If an electron is in a circular orbit (i.e. thinking of the now obsolete Bohr theory), then if we look at it from a direction that is in the orbital plane, the electron appears to execute a sinusoidal oscillation, with amplitude equal to the electron radius in the atom, and frequency given by the circular motion angular frequency. $$ m_{e}\, r\, \omega^{2} = \frac{Z\, e^{2}}{4\pi \epsilon_{0} r^{2}}\, . $$ If the orbital plane is the x-y plane, and we observe from the y-direction, then we see a sinusoidal oscillation in the x-direction of the form $x= r \sin \omega t$. Differentiating twice with respect to time, we can show that the mean acceleration squared is $0.5\, r^{2}\, \omega^{4}$, and this value can be put into Larmor's formula for the amount of power radiated by an accelerated charge. $$ P = \frac{e^2 < \ddot{x}^2 >}{6\pi \epsilon_0 c^3}$$ (in SI units).

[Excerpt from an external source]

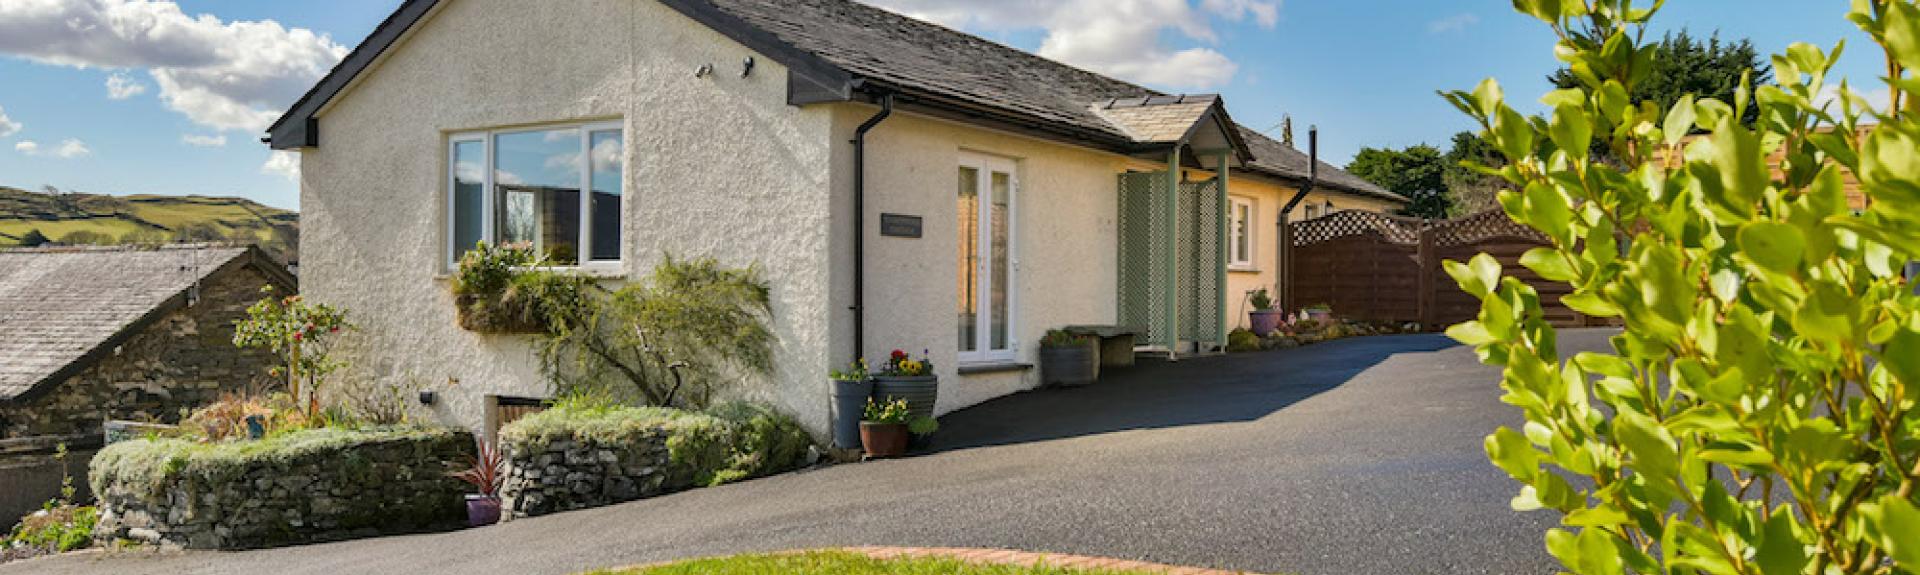 A Coniston holiday bungalow with a lawn and large tarmac space for guest's cars

The kinetic energy of the electron is given by $m_{e} r^{2} \omega^{2}/2$, so if we take the ratio of KE to power radiated, we have the lifetime of the state. $$ \tau = \frac{m_{e}\, r^{2}\, \omega^{2}}{e^{2}\, r^{2}\, \omega^{4}}\, 6\pi\epsilon_{0}\, c^{3} = \frac{6\pi\, \epsilon_{0}\,m_{e}\, c^{3}}{e^{2}\, \omega^{2}}\, , $$ (again, all in SI units) which is the reciprocal of the classical damping constant and sometimes known as the classical radiative lifetime.

Putting in some numbers we can see that, for instance the lifetime of the ground state of hydrogen is going to be very short (like $10^{-8}$ s), so something is clearly wrong and this is one of the things that motivated the search for a better atomic theory.

However, this formula does give the right sort of order of magnitude for the radiative lifetimes of transitions that are allowed by electric dipole transitions, where $\omega$ would be given by $\hbar \omega = E_2 -E_1$.

A proper quantum mechanical treatment will involve Fermi's golden rule and a more correct calculation of the transition probabilities. These result in "oscillator strengths" that modify the classical radiative lifetime.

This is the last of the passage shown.